Siobhan Savage: because your CEO needs to care. But then there's a nuance to this answer, too. You don't want to, like, block
Siobhan Savage: individual innovation.
Siobhan Savage: So, you don't want to stop, like, your employees from generating and being creative.
Siobhan Savage: what you want to do is you want to give them, like, a kind of garden to run around in with some boundaries, and you want them to be able to, like, build and be creative. Where we see a tricky thing happening, though, with the last couple of years, is everyone went out to their businesses and give them access to AI and said, guys, go and do… build agents, be super creative, and what it actually did was it slowed down velocity. You imagine we're all in, like, the canoe?
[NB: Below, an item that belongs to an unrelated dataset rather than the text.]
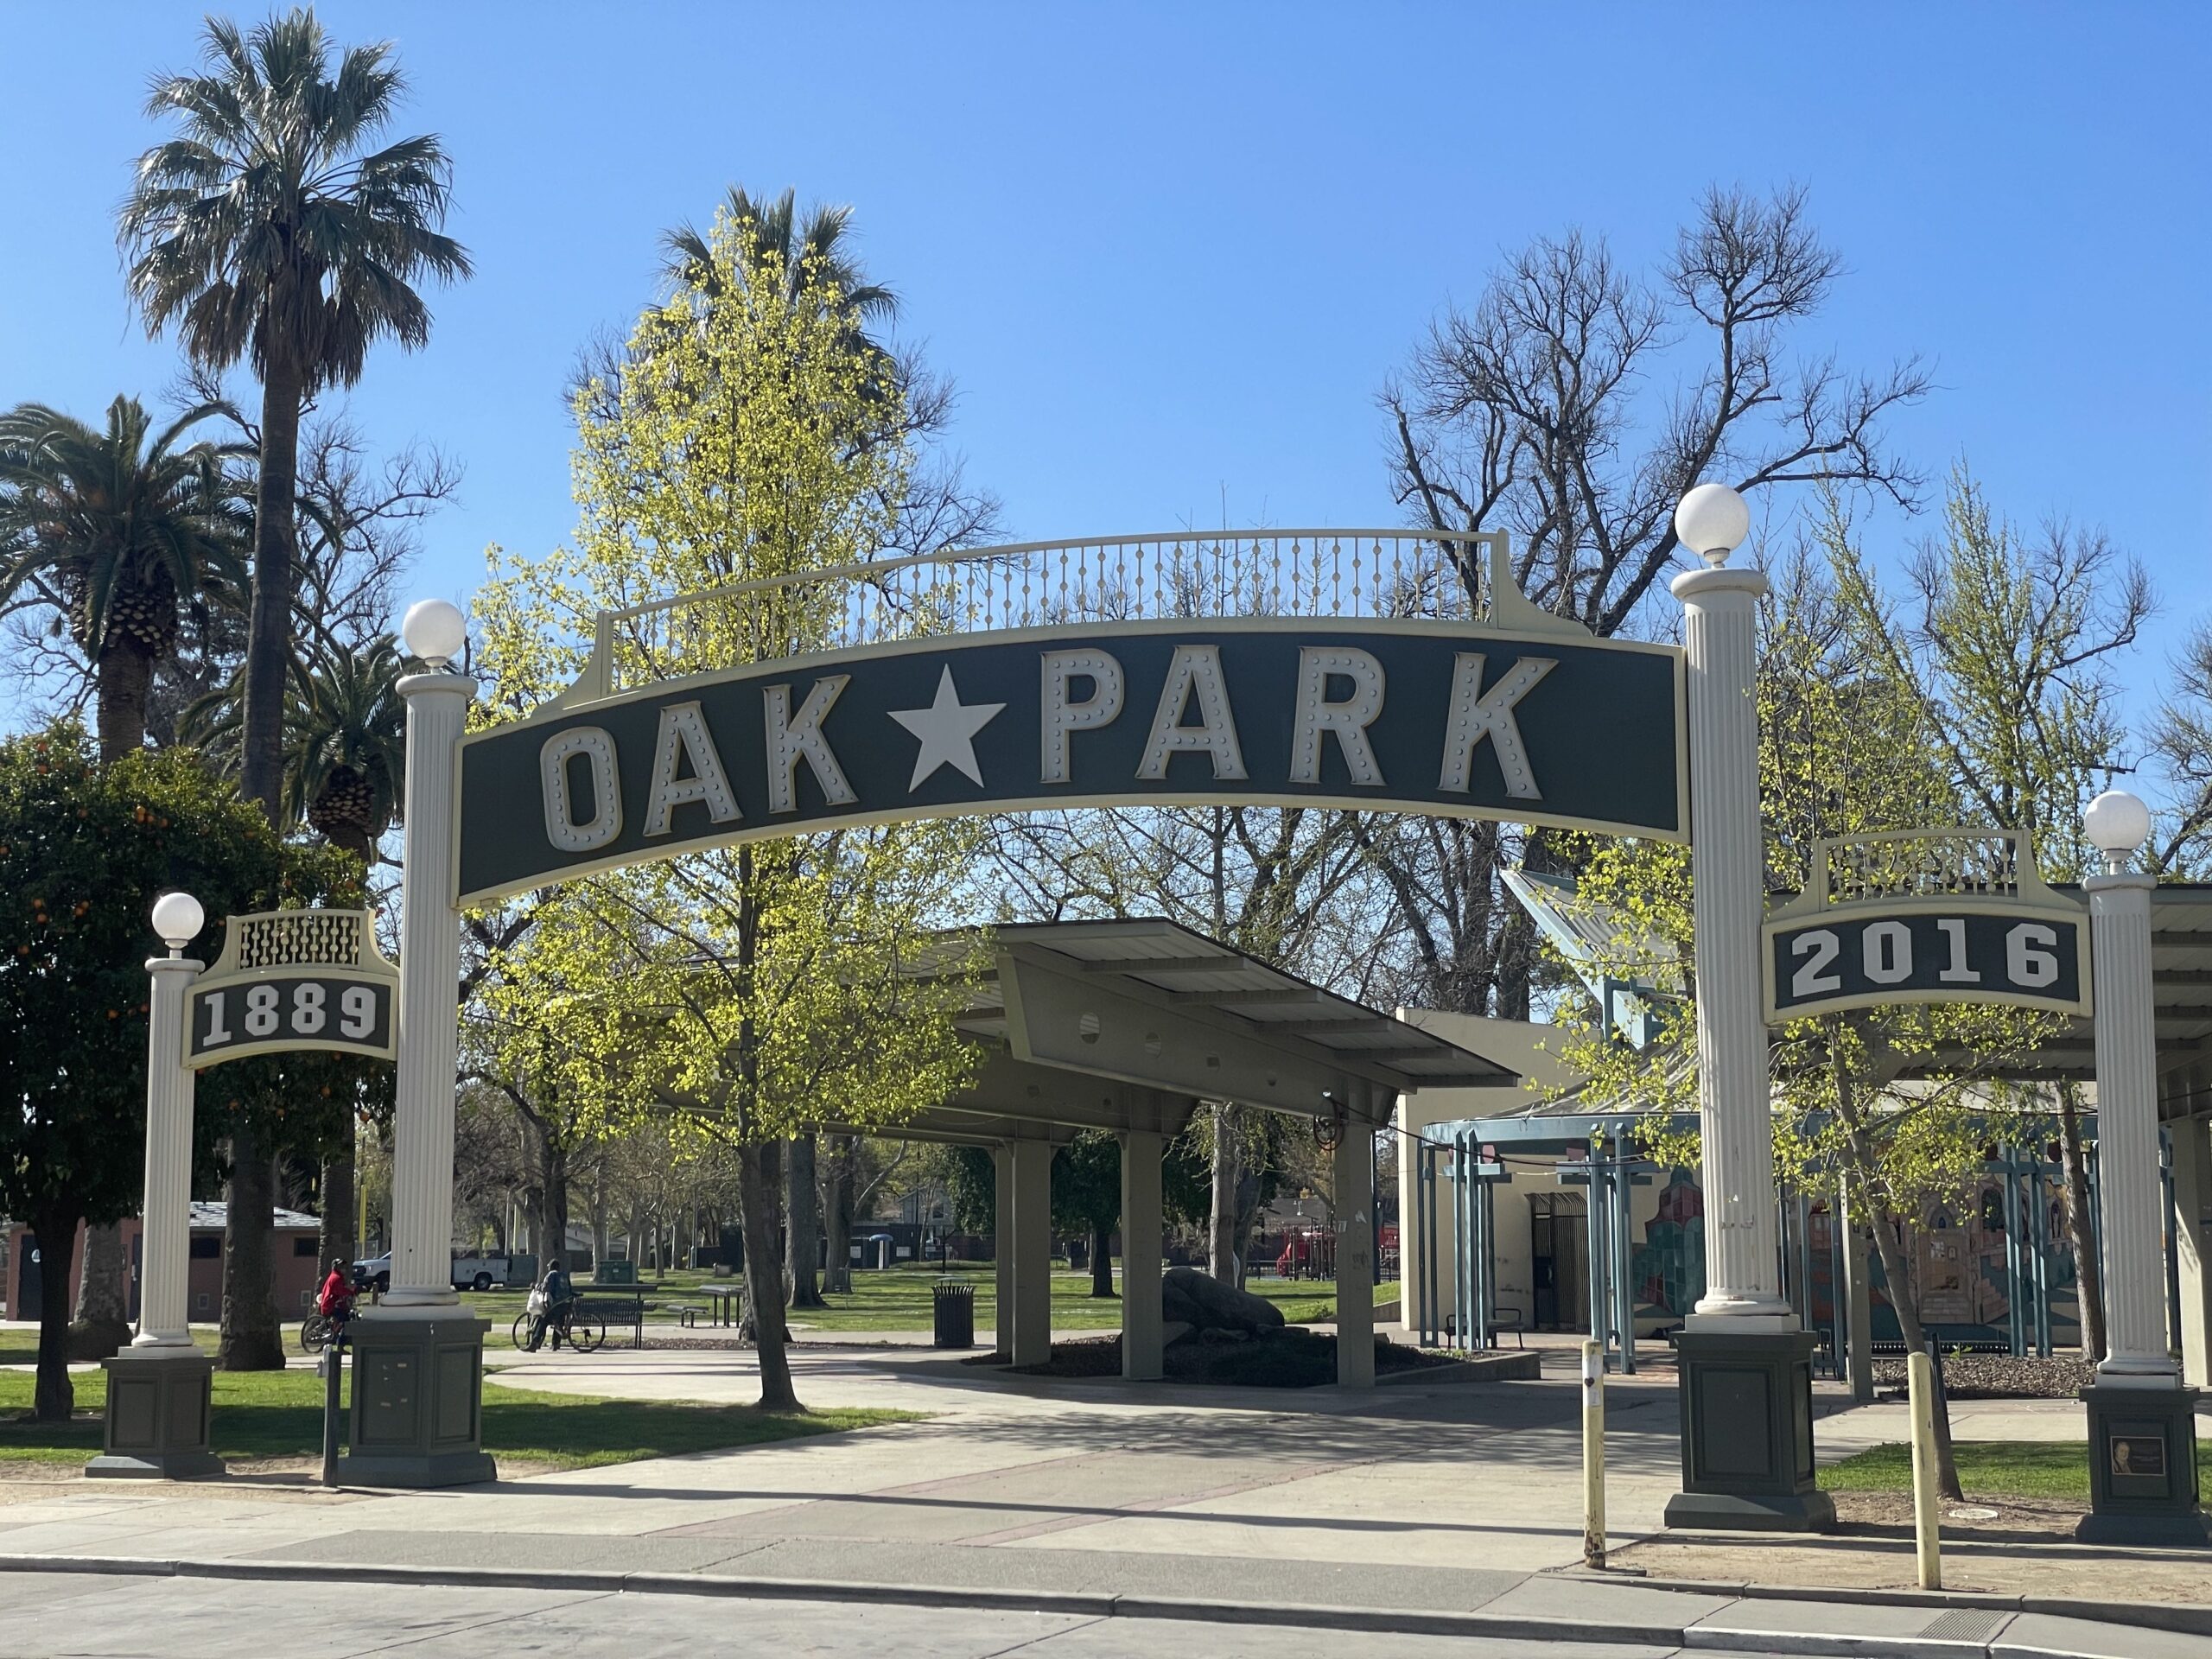 oak park sign surrounded by trees on a sunny day

Siobhan Savage: and everyone's rowing in the wrong direction, it has the opposite effect. So there's this boundary that you're going to have to find where it's like, what stuff do we actually need to redesign, versus what are we going to encourage and allow our employees?
Siobhan Savage: The trick that we're trying to figure out is, how do I actually see what the employee is deploying, as well as seeing what the organization is deploying, because I want to understand where the AI is. So that's a big thing I'm focused on right now, encouraging employees to be innovative, but at the same time, not like…
Siobhan Savage: blocking…
Siobhan Savage: And one of the other risks that I do see, so customers who were too late to pull the trigger on letting people have access to Copilot or others, they were screenshotting
Siobhan Savage: things from their computer and uploading them into ChatGPT.
Brent Louie: Hmm.
Siobhan Savage: So there's a… there's a balance between, like, being too risk-averse and putting yourself at risk because you left it too late. Because we're seeing… I've been in a lot of conversations where people that you would just never think of would think to do that, and… and they're putting themselves at a massive cyber risk by doing that.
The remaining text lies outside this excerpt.